Pattern matching with LIKE/ILIKE (GIN Index)

A lot of web apps have a search feature and a lot of search features get implemented using LIKE or its case-insensitive sibling ILIKE. In most of these queries you’re likely using an “unanchored” expression where both the right and left edges of the search string are variable.

--This LIKE expression is "unanchored"
SELECT * FROM films WHERE title LIKE '%query%';

--Compared to this one, which is "left anchored"
SELECT * FROM films WHERE title LIKE 'query%';

--Or to this one, which is "right anchored"
SELECT * FROM films WHERE title LIKE '%query';

If you’re using right anchored or unanchored LIKE/ILIKE expressions you’ll benefit greatly from a GIN index that uses a trigram operator class. This requires a bit more work than creating a run of the mill index.

First, you’ll need to include the trigram module (pg_trgm) in your database if it isn’t already. Then you can create a GIN index for your column that specifies the trigram operator classes from that module.

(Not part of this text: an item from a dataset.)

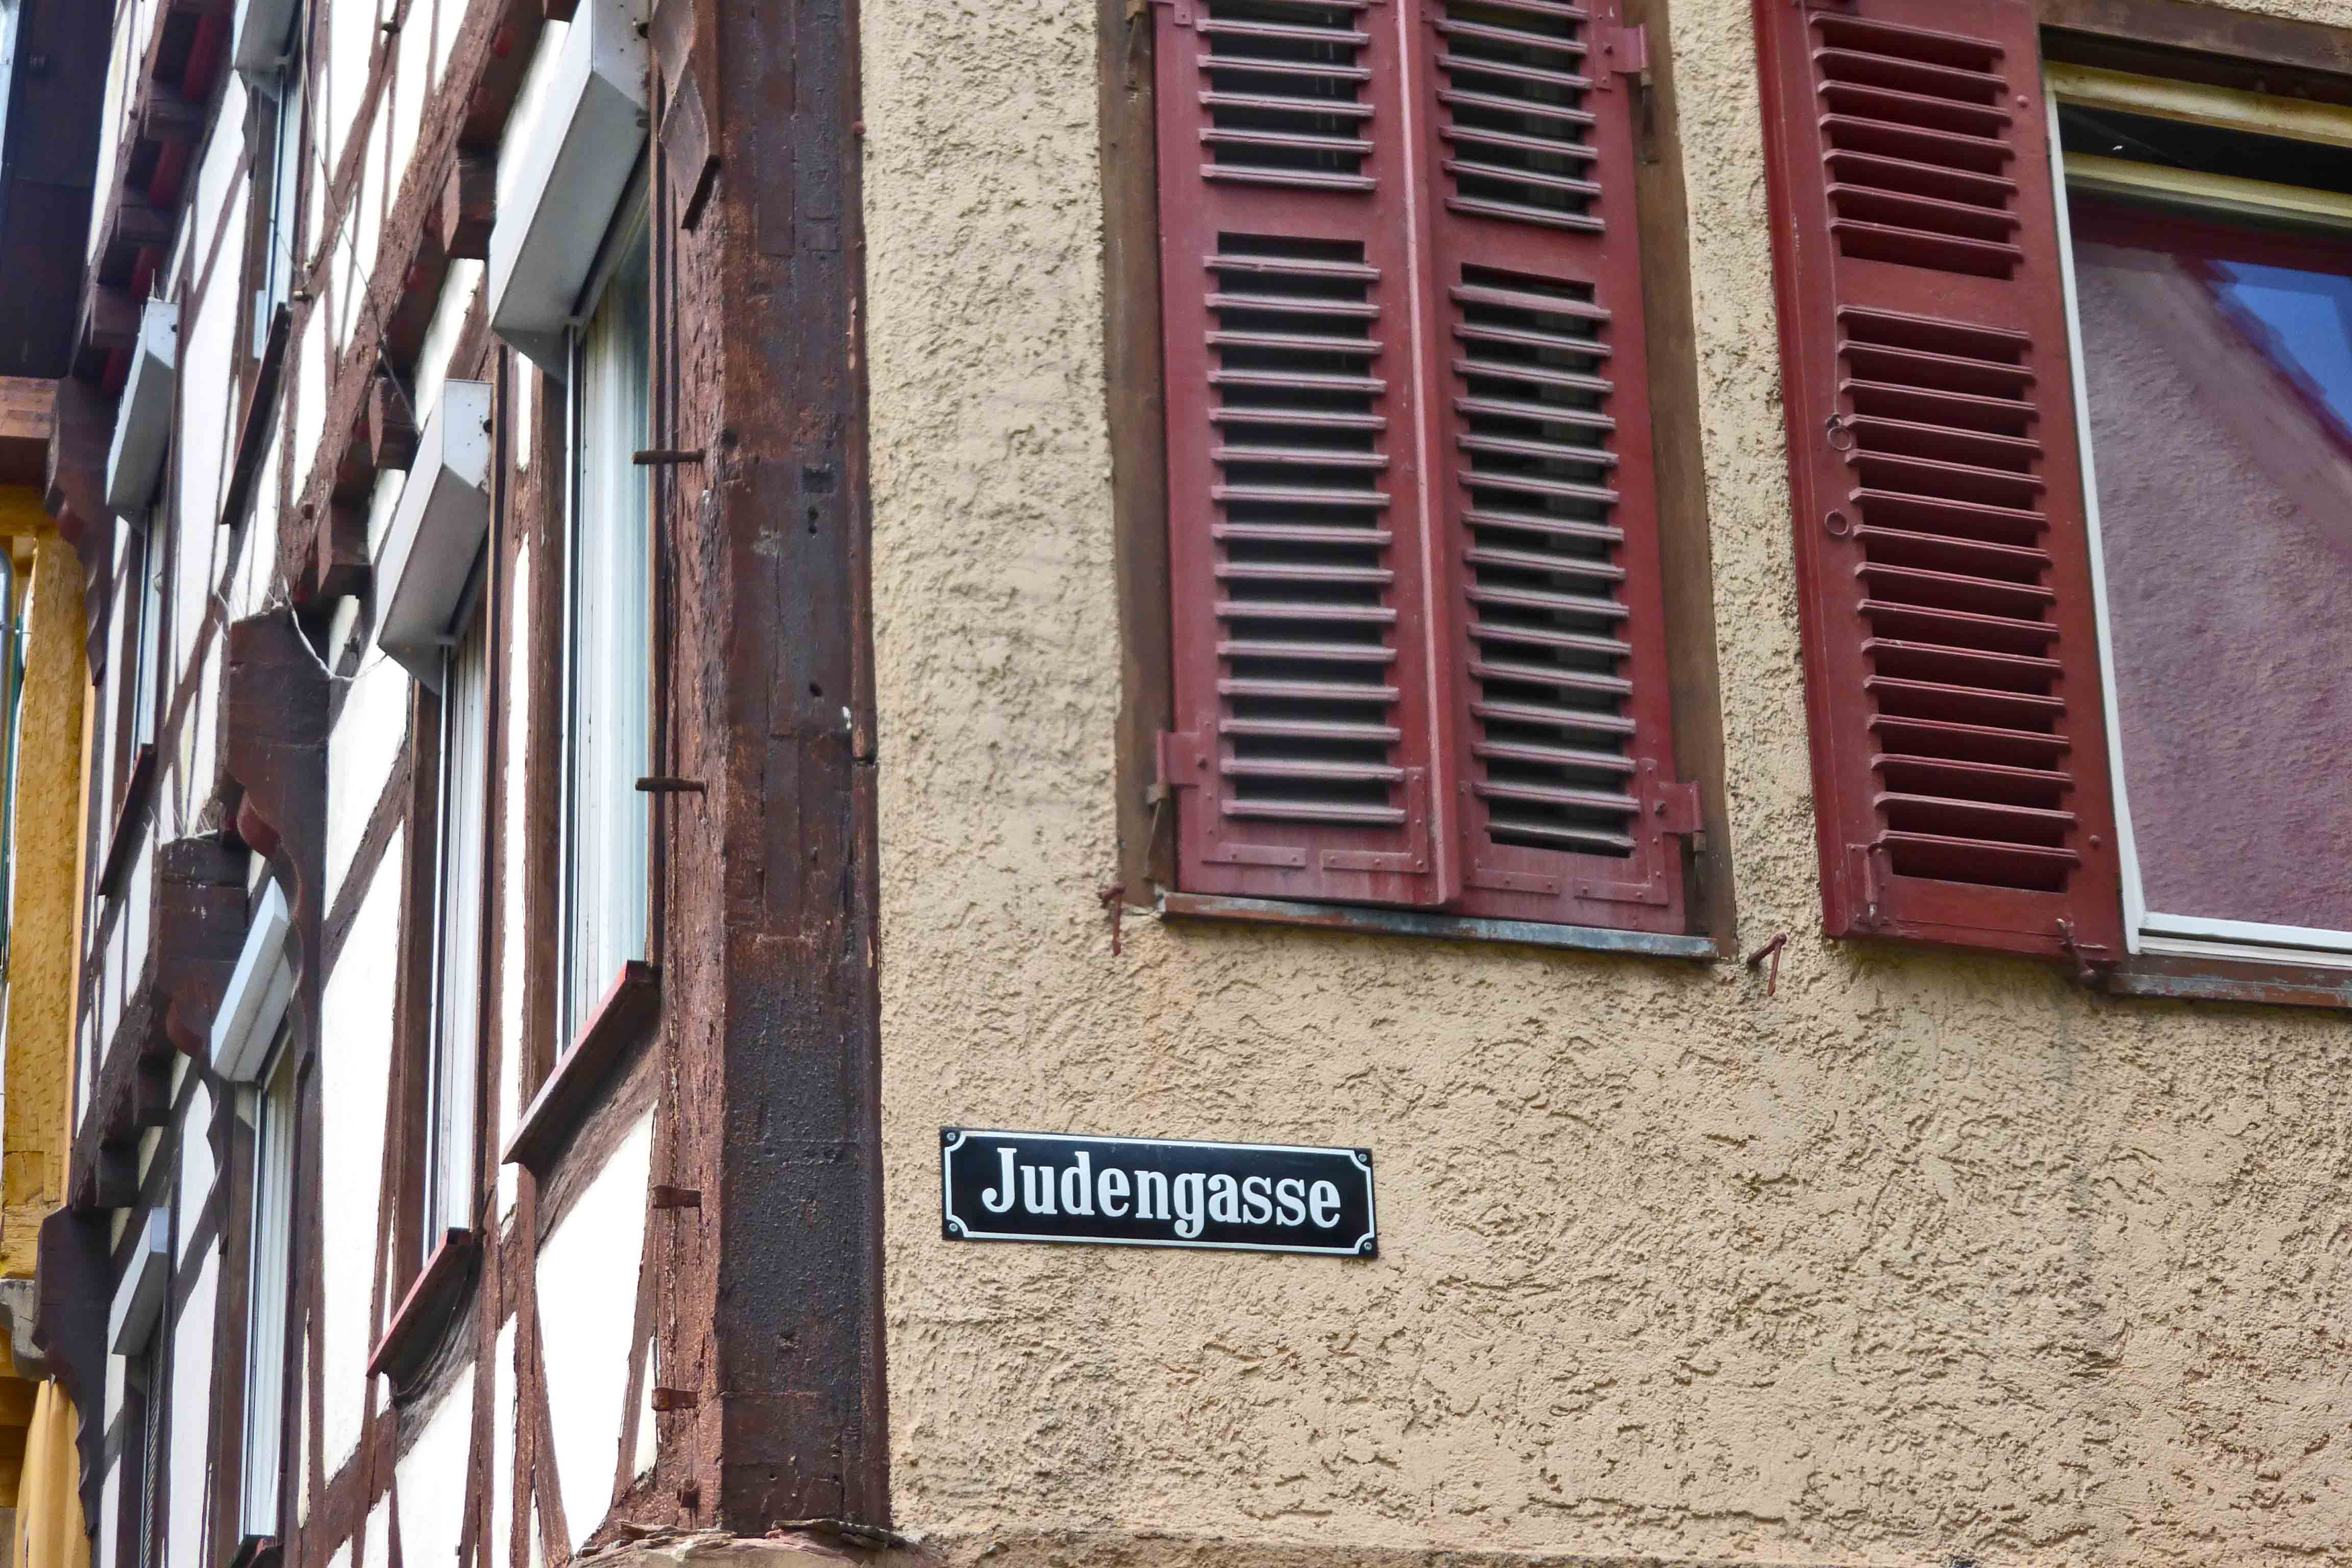 Judengasse in Tübingen

--Install the pg_trgm module if it isn't already
CREATE EXTENSION IF NOT EXISTS pg_trgm;

--Create a GIN index specifying the trigram operator class (`gin_trgm_ops`)
CREATE INDEX title_idx ON films USING GIN (title gin_trgm_ops);

If you’re certain you’re only using left anchored expressions, e.g. LIKE 'query%', then you should be all right sticking with the B-Tree defaults so long as you’re running your database with the C locale.

Pattern matching using SIMILAR TO, NOT SIMILAR TO, ~, ~* and regex friends (GIN Index)

Using regular expressions to find matches? Everything that applies to the LIKE/ILIKE queries applies to you, too. If your regular expressions are left anchored you can use the defaults, but if you’re using unanchored expressions, opt for a GIN index.

--These are left anchored expression
SELECT * FROM films WHERE title SIMILAR TO 'query%';
SELECT * FROM films WHERE title ~ '^query';

--While these are unanchored expressions
SELECT * FROM films WHERE title SIMILAR TO '%query%';
SELECT * FROM films WHERE title ~ 'query';

--Create a GIN index specifying the trigram operator class (`gin_trgm_ops`)
CREATE INDEX title_idx ON films USING GIN (title gin_trgm_ops);

Similarity using similarity() and its operators including %, <%, %> and others (GIN)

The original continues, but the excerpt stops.